DATA DICTIONARY 2.1 DRAFT REFERENCE SHEET
Summary of Changes
1. Cross-Validation of Fields
- If both Country and StateOrProvince are present, validate against ISO 3166-2. Warn if the combination is not correct but don't fail yet.
2. Support for the RESO Universal Parcel Identifier (UPI)
- Three new fields have been added to support the RESO UPI:
UniversalParcelId,CountrySubdivision, andParcelSubcomponent. - Read more about the UPI.
- If UPI-based fields are present in the Property Resource payload, they will be validated.
- UPI testing tools are available in the RESO SDK.
6. Previously-Excluded Schema Validation Items
- Some items were previously excluded from schema validation with the goal of enforcing them in the next version (2.1). Is this still the plan?
- See RESO SDK.
- Currently, these generate warnings.
- Most are related to schools. There are potential enumerations for them. This will work in the U.S., so the enumeration could be closed in that case, with other countries TBD.

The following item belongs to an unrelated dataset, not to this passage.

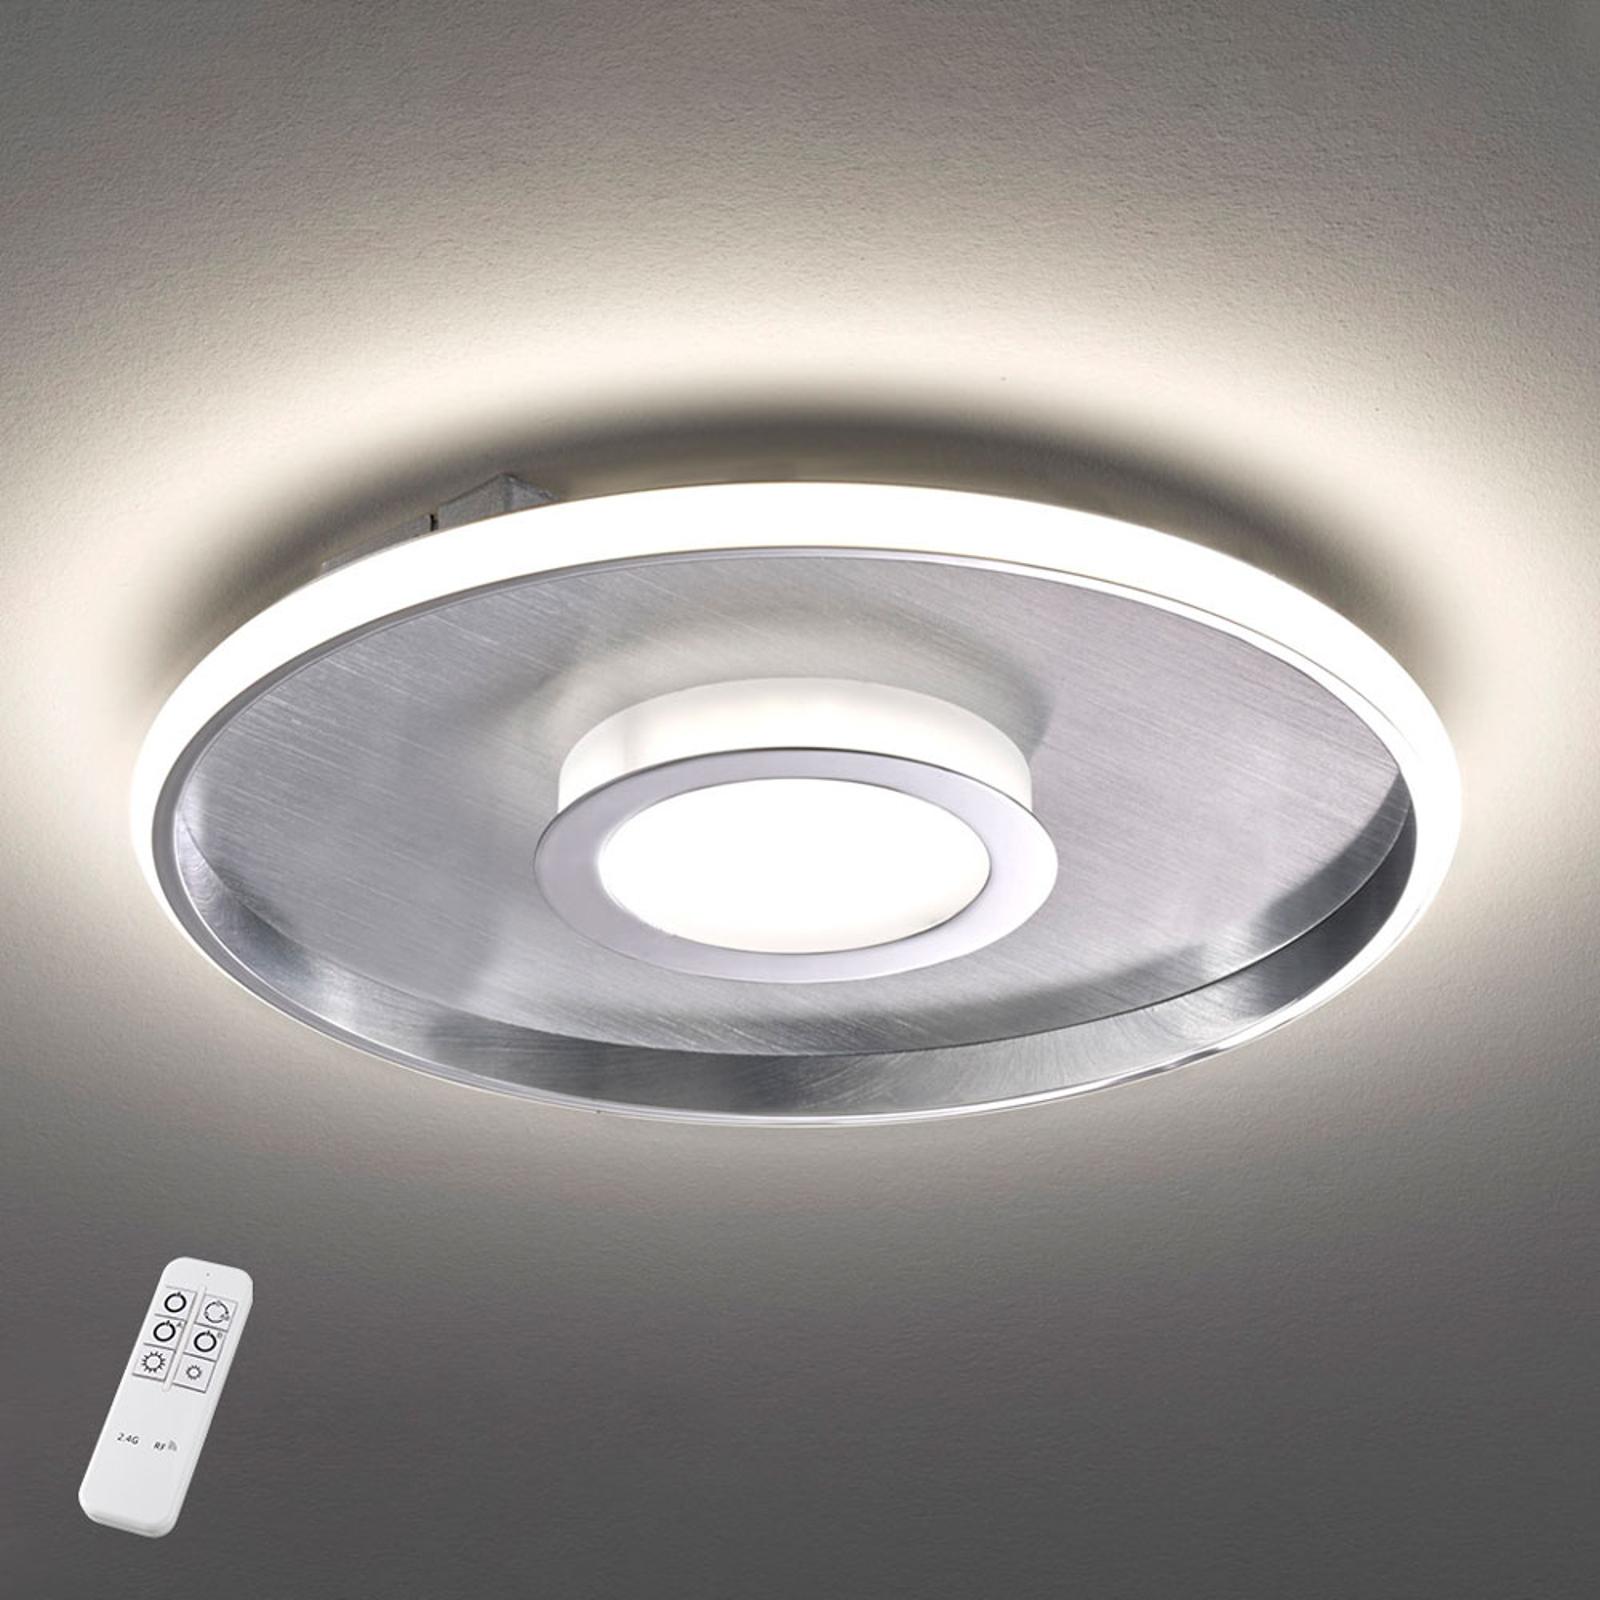 Lampa sufitowa LED Bug okrągła, chrom 45cm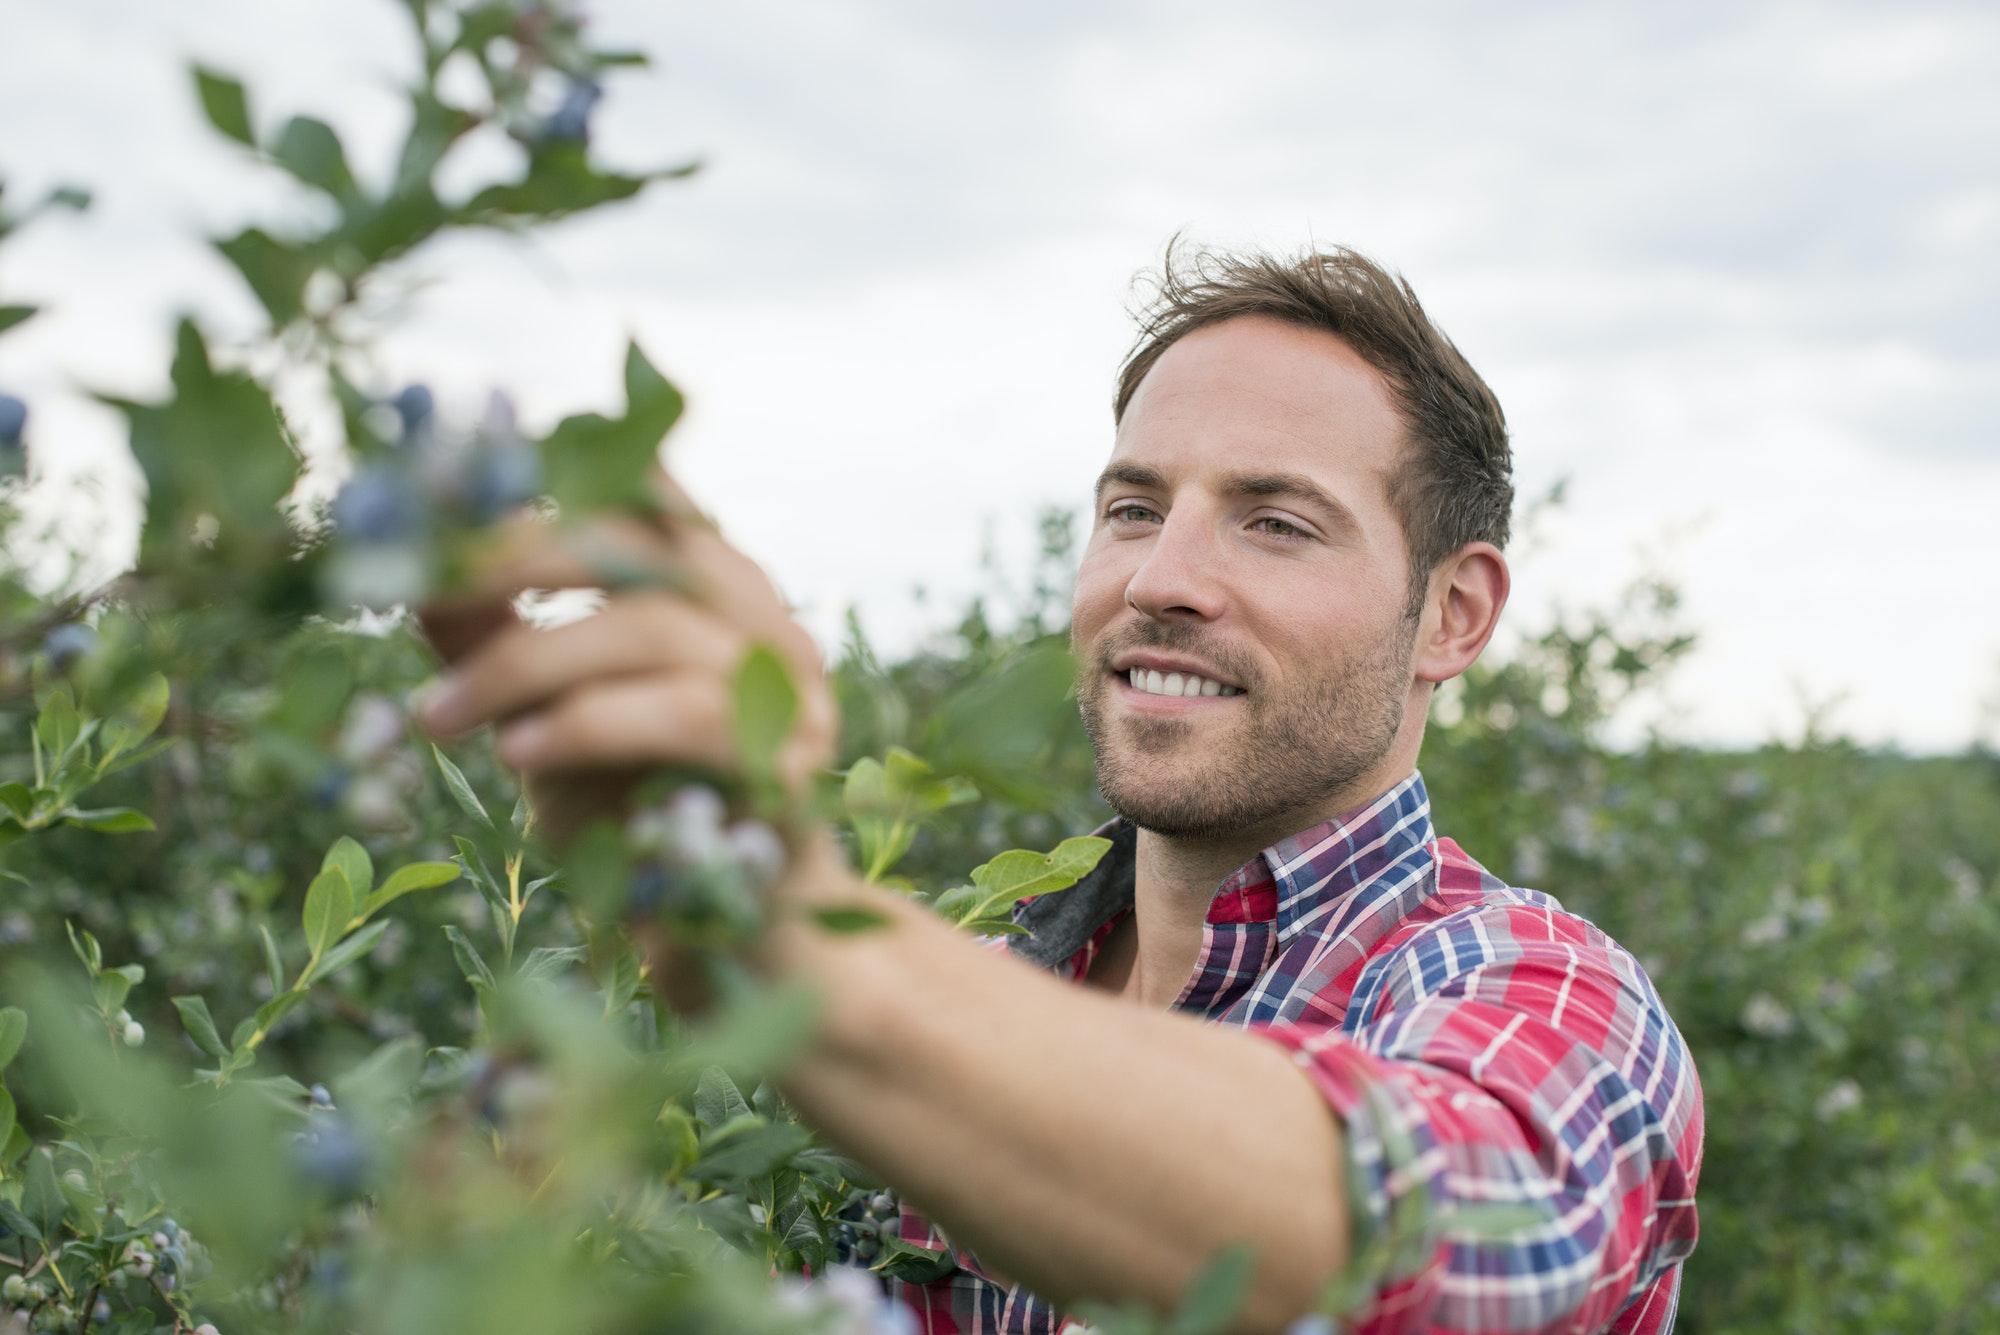 Organic fruit orchard. A man picking blueberries, Cyanococcus, fruit.

- ImageSizeDescription is currently an enumeration in the Data Dictionary. Should this be a string instead since it's a description?
Is there any room in Data Dictionary for fields that
- the dictionary defines as String List, Single (or String List, Multi)
- but the dictionary recognizes that the list of values is local, and should not be dictated by the dictionary ?
To me, it feels like schools, school districts, and MLS Areas (and even cities 😬) are all local concerns, so to me it seems like a feature of the dictionary, not a bug of the dictionary, that these fields are defined as String Lists but the values aren't provided by the dictionary.
It does seem fair to validate that the metadata and the sampled data do match. But I think it's completely reasonable to not have the dictioary enumerate all possible values itself.
Hi @bryanburgers! 👋
Thanks for the excellent question.
There are three kinds of enumerations currently in use by the Data Dictionary:
Open with Enumerations: A lookup (enumeration) list exists, but the list is still open and other values may be transmitted. Added items must be reasonably relevant to the definition of the given field.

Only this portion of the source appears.